I stared at my score. I had gotten 16 questions wrong. If it had been 16 out of 100, I would have been somewhat happy. But instead, I got 16 out of 37 questions wrong for an abysmal score of 57%. I hadn't scored that badly in a long, long time.
Last week I took a pre-test for the GMATs, the pre-qualifying exam to begin an MBA program. I'm still not 100% sure I'm going to go down this path but I've thought about it for years, and the first step is to pass the big test. The pre-test instructions said each section would take about 75 minutes. I scoffed at that. There's no way it would take me that long. I could knock both sections out in 1.5 hours flat.
Oh how wrong I was. I only got through the math section before my brain felt so fried I had to go straight to bed. And when I tallied up my points, I realized how far I was from where I thought I would be. In high school and college, I took great pride in my academic performance. I got into the Governor's School for Math and Science, even though I hated both those subjects. I graduated with a GPA well over 4.0, and because I had so many credit coming into college I graduated in 2.5 years.
So naturally, I knew I would barely have to study to ace the GMATs, just like everything else. Well, it turns out that 6+ years is a long stretch to not have touched a single math problem, and my brain just isn't quite what it used to be in that area. It was very humbling, and I was almost in tears with frustration, thinking I was a failure and I shouldn't even try this whole MBA thing.

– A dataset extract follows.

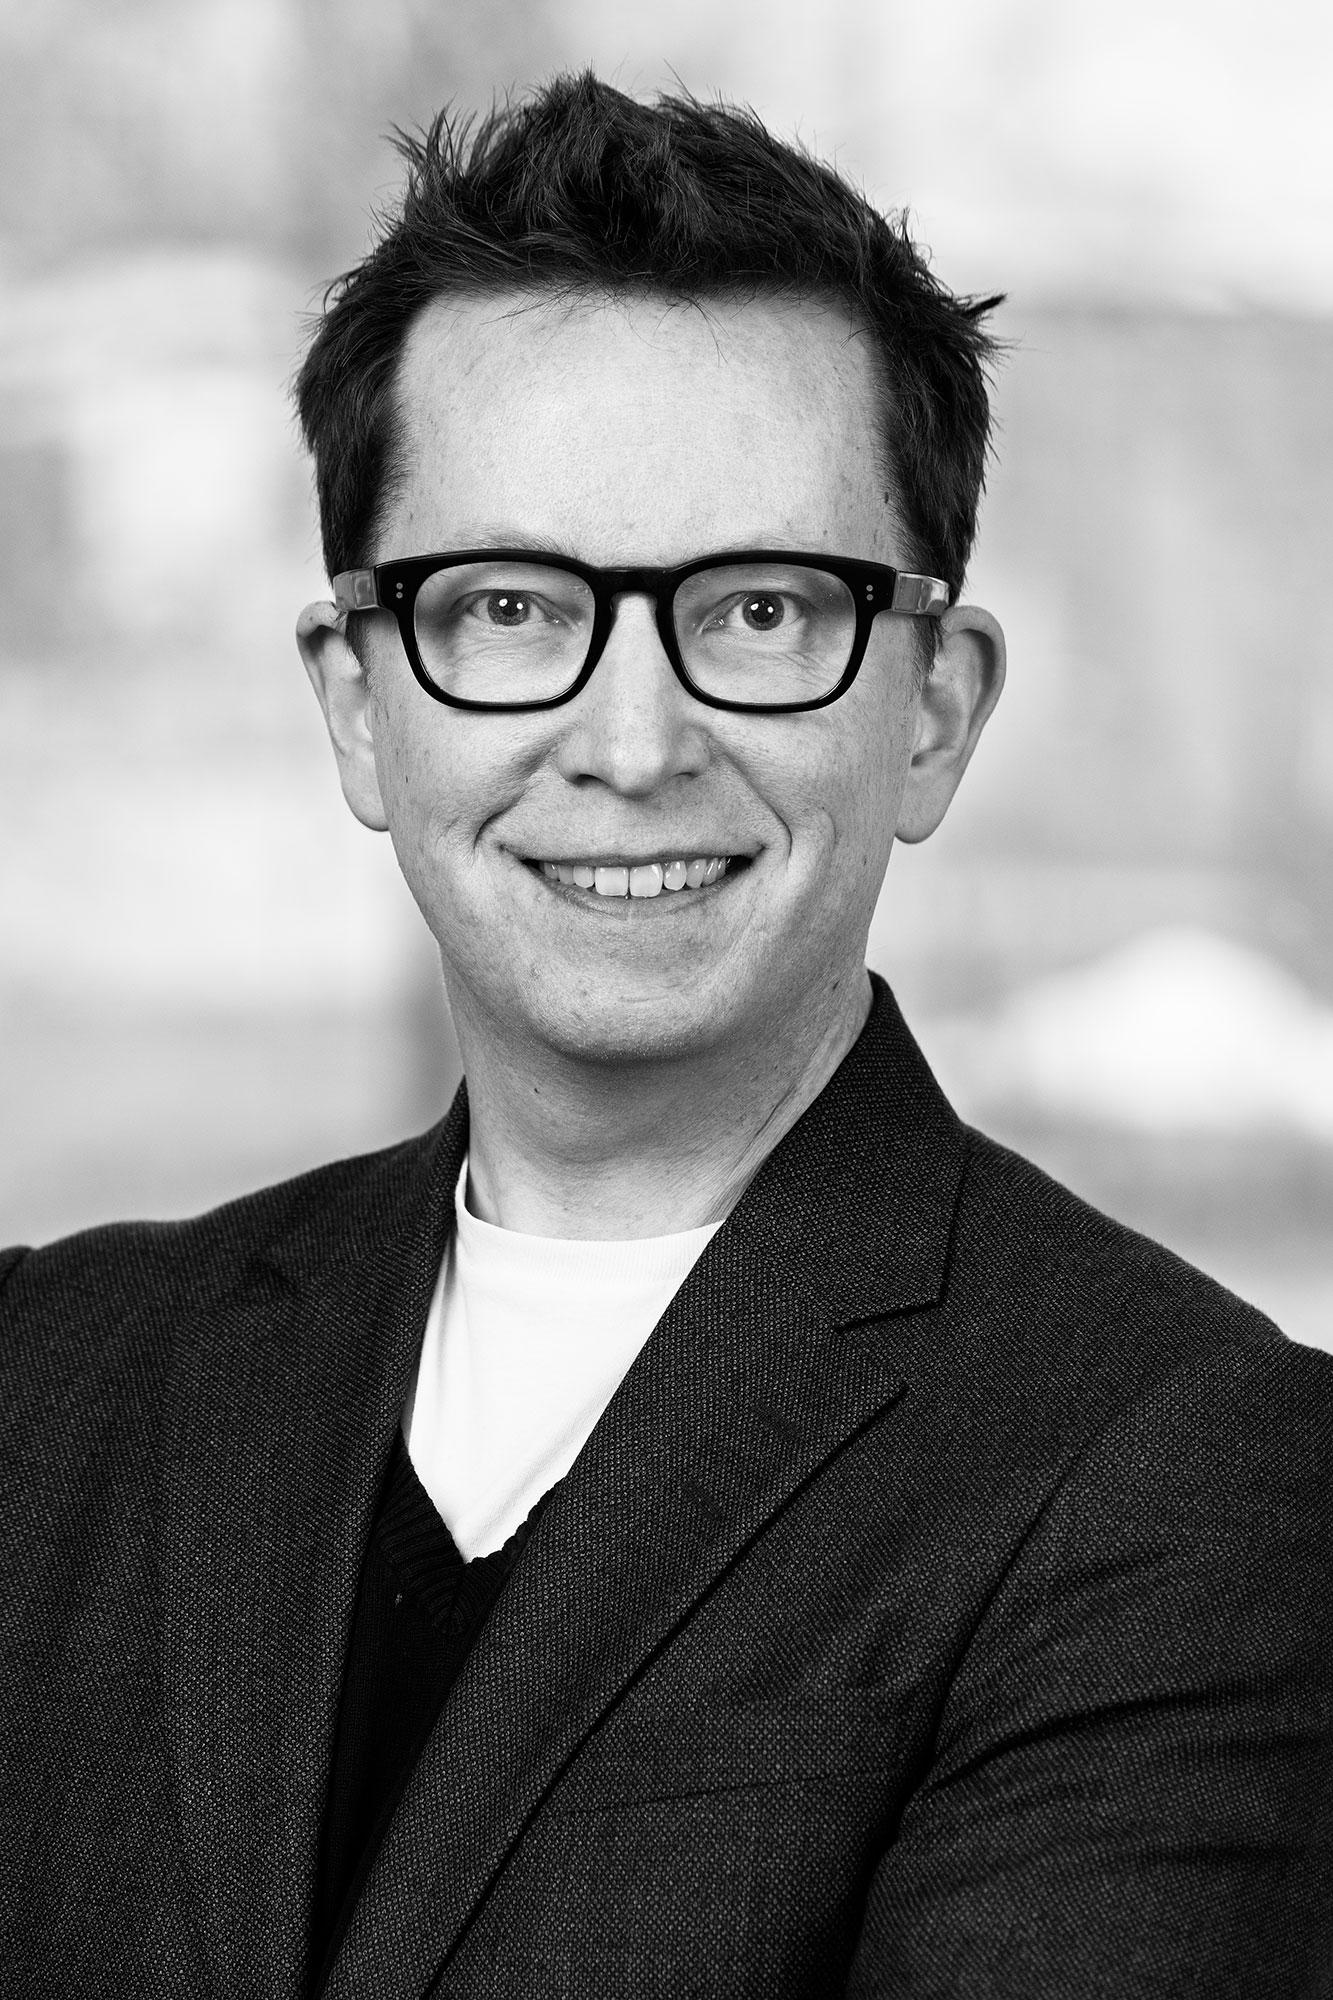 Oscar Ericsson

And just like that, my perspective switched. All of a sudden, as I stared at my paper, I realized I had gotten 21 questions right. 21 questions! I haven't taken math since my first semester in college (and that was just a recap course to fulfill a requirement) and I scored over 50% on the first try. Not only that, a lot of the questions are kinds I have never seen before, haven't tried to solve, and looked at for the first time at 8:00pm after a very long day of work.
I can't say I'm proud of my score, and I still have a long ways to go before I attempt the GMATs if I decide to do that. But I have months until that day and in the meantime, I have a big prep book calling my name. Rather than starting at what I did wrong, wallowing in the feeling of failure and misery, I'm going to pick myself back up. I'm going to buckle down and see what I could have done better. And if the day comes where I sit down in a testing center to lay it all on the line, I'm going to know that I tried. And that is my definition of success.